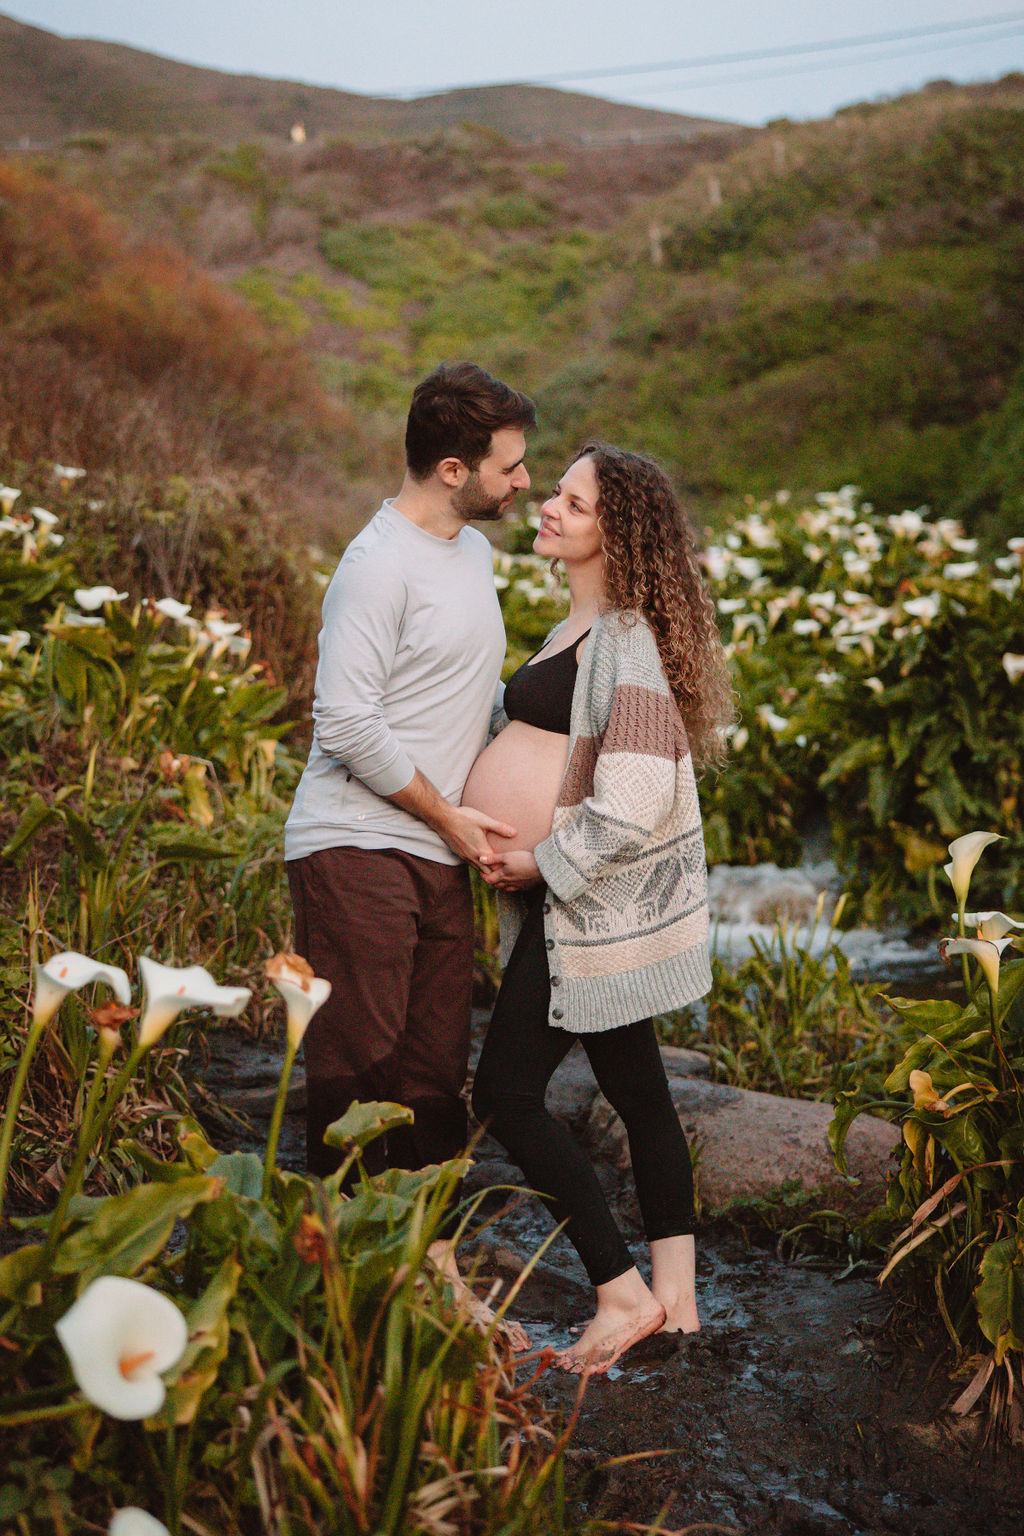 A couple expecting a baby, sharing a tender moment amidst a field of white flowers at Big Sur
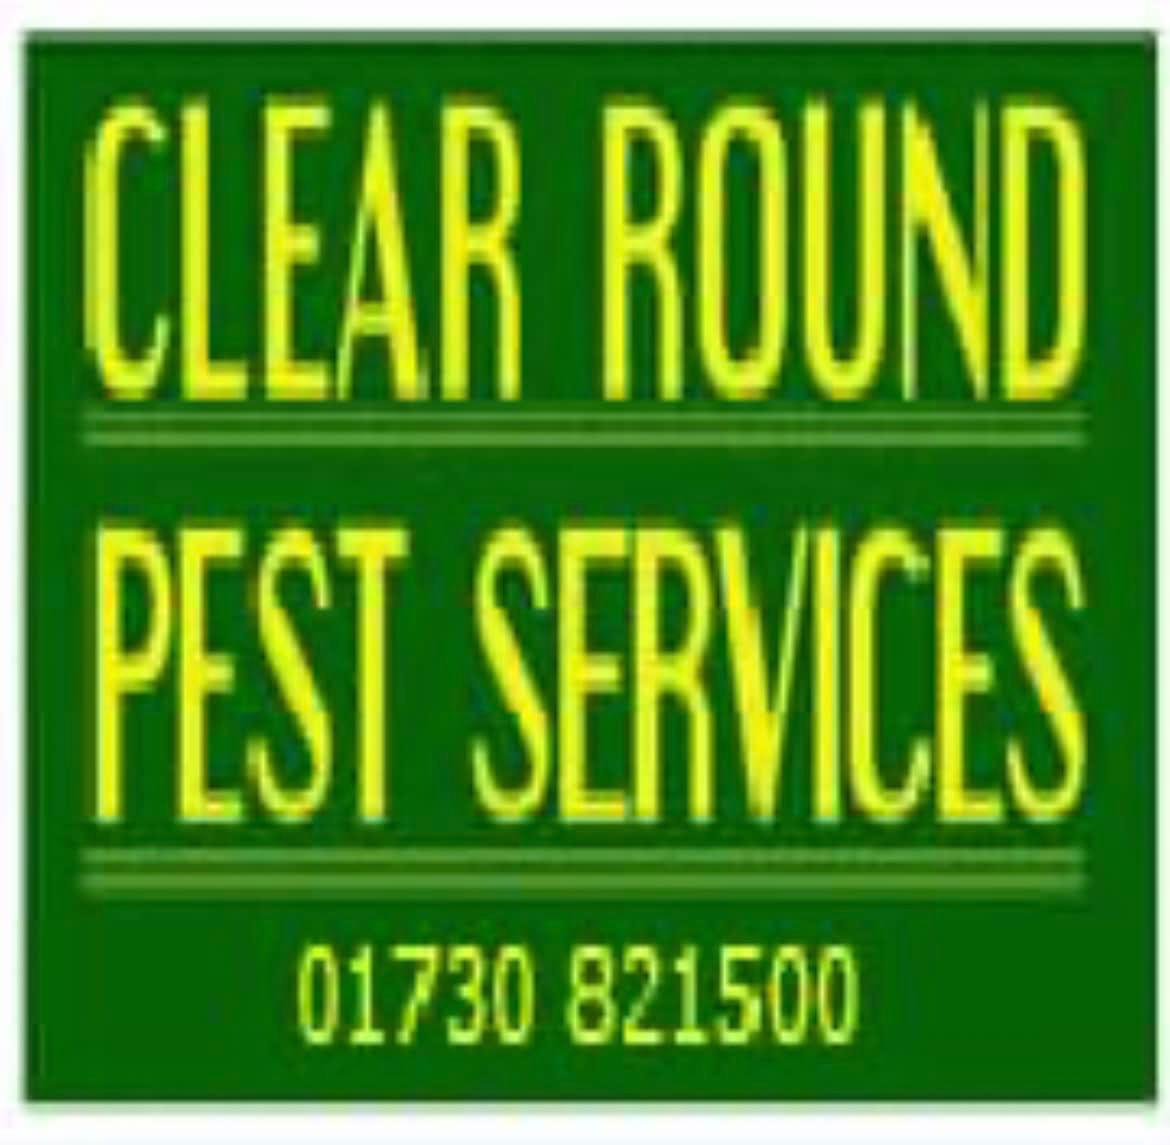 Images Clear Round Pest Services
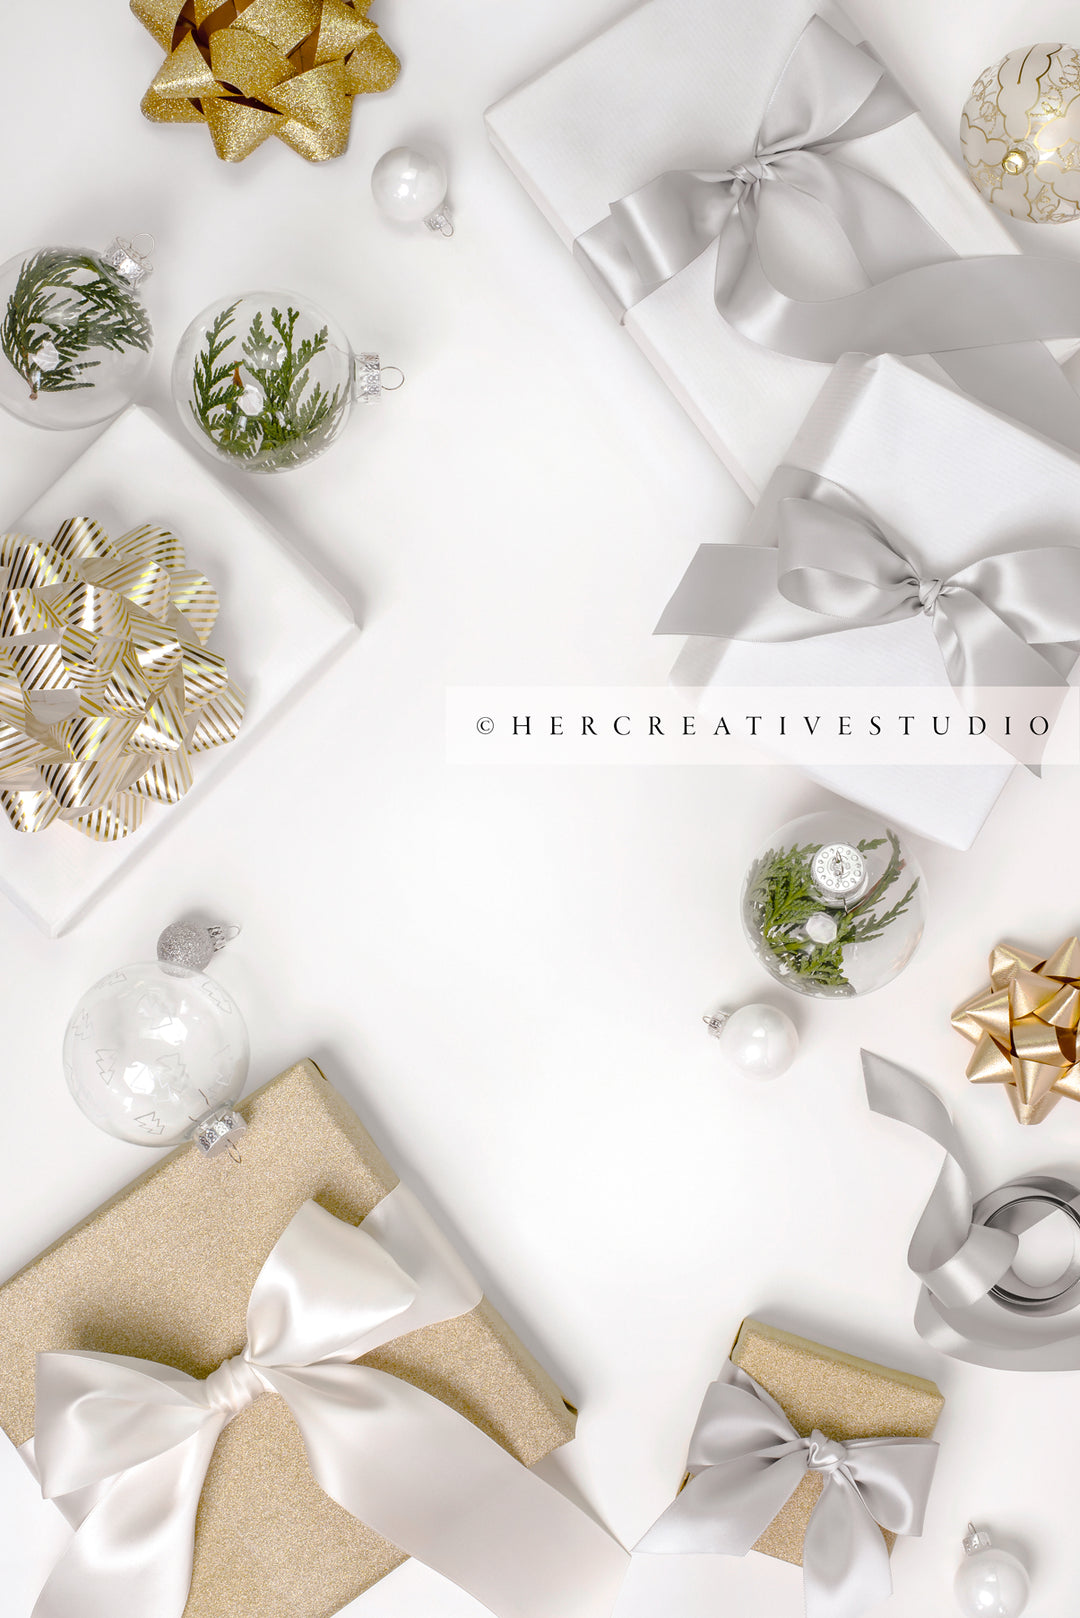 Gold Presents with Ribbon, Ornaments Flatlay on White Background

## TASK DIRECTIONS:
The output has to match the data above line for line, except that pictures are dropped.

## EXERCISE RESULT:
 A couple expecting a baby, sharing a tender moment amidst a field of white flowers at Big Sur
 Images Clear Round Pest Services
 Gold Presents with Ribbon, Ornaments Flatlay on White Background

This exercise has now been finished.